The 51st Pennsylvania Volunteer Infantry was an infantry regiment that served in the Union Army during the American Civil War.

Service
The 51st Pennsylvania Infantry was organized in Harrisburg, Pennsylvania and mustered in November 16, 1861 for a three-year enlistment under the command of Colonel John F. Hartranft.

The regiment was attached to Reno's Brigade, Burnside's North Carolina Expeditionary Corps, to April 1862. 2nd Brigade, 2nd Division, Department of North Carolina, to July 1862. 2nd Brigade, 2nd Division, IX Corps, Army of the Potomac, to April 1863. Army of the Ohio to June 1863. Army of the Tennessee to August 1863, and Army of the Ohio to April 1864. 1st Brigade, 3rd Division, IX Corps, Army of the Potomac, to September 1864. 1st Brigade, 1st Division, IX Corps, to July 1865.

The 51st Pennsylvania Infantry mustered out July 27, 1865.

Detailed service
This regiment was recruited during the summer and fall of 1861 by Col. Hartranft  for three years' service, most of the officers and men having served for the three months' term. Cos. A, C, D, F and I were recruited in Montgomery county; E, H and K in Union and Snyder; G in Centre and B in Northampton.  The place of rendezvous was Camp Curtin, Harrisburg, and the regimental organization was completed on November 16, 1861.  

Two days later it left for Annapolis, Md., where it remained, perfecting itself in drill 
and discipline, until January 6, 1862, when it was assigned to the 2nd brigade (Gen. Reno), Burnside's corps, embarked as a part of Burnside's  expedition to North Carolina, and landed at 
Roanoke island on February 7.  It shared in the capture of the enemy's works here on the 8th and was active at the Battle of New Bern, N.C., in March, where it executed a gallant charge. 
It was again active in the battle of Camden, losing 3 killed and 21 wounded.  
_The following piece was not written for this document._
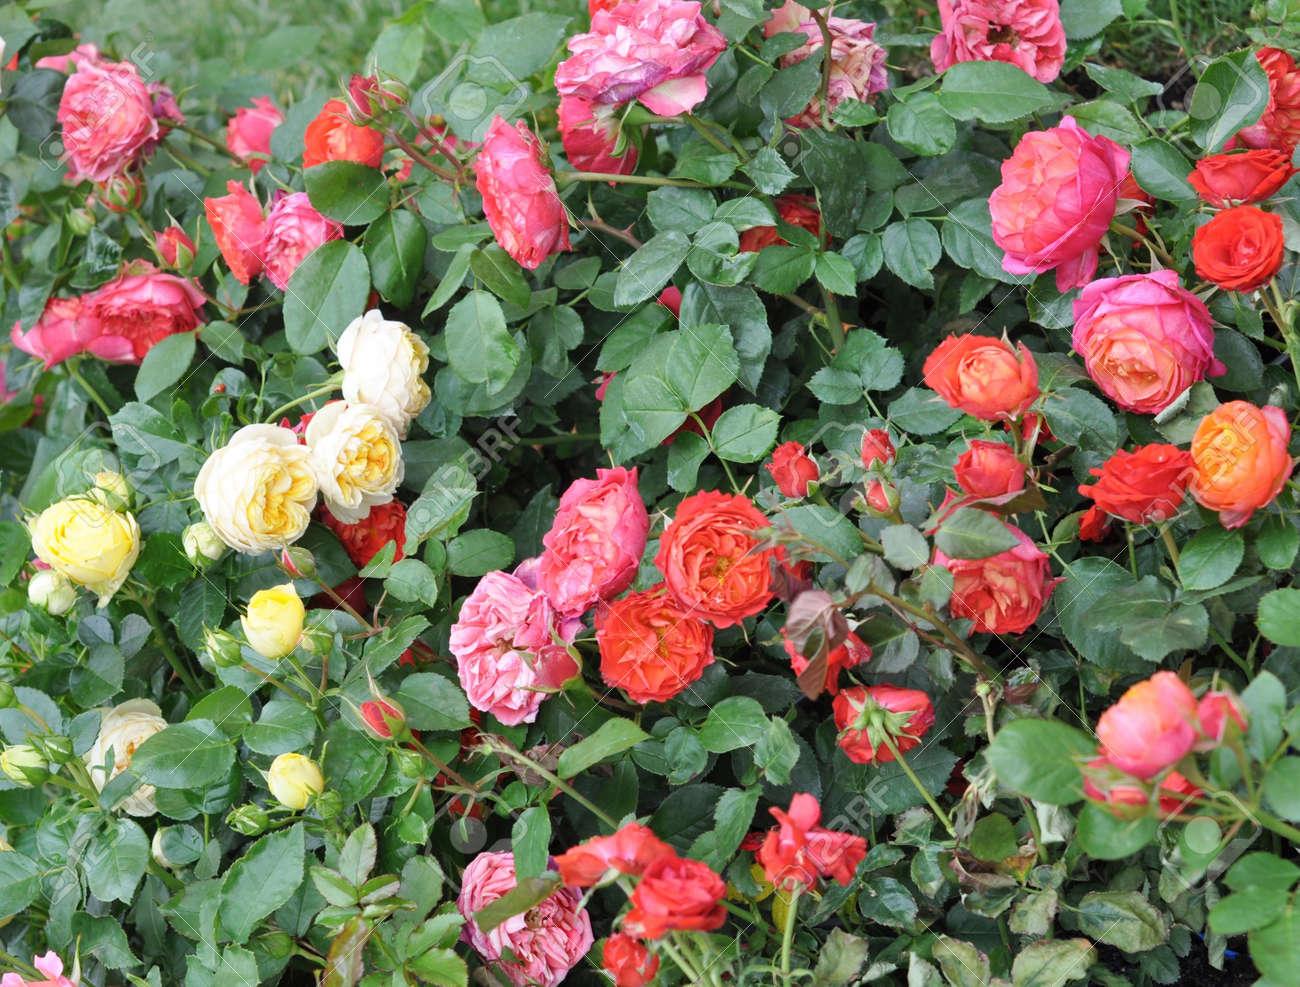 Rose perennial flower shrub vine of genus rosa rosaceae stock photo rose perennial flower shrub vine of genus rosa rosaceae stock photo 9724196 mightylinksfo

It returned to Fortress Monroe in July and was  assigned to the 2nd brigade, 2nd division, 9th corps, Gen. Ferrero commanding the brigade.  It was active at the second Bull Run and Chantilly, and, in September 1862, moved with the 9th corps on the Maryland campaign.  It skirmished with the enemy's cavalry at Frederick, Md.; was hotly engaged at South mountain and again at Antietam, where its losses were 125, including Lieut. Col. Thomas S. Bell Jr. and Lieuts. Beaver and Hunsicker killed; 
Capts. Bolton and Hart, Adjt. Shorkly, Quartermaster Freedly and Lieut. Lynch wounded.  Maj. Schall was now promoted to lieutenant-colonel, and Capt. Bolton to major.  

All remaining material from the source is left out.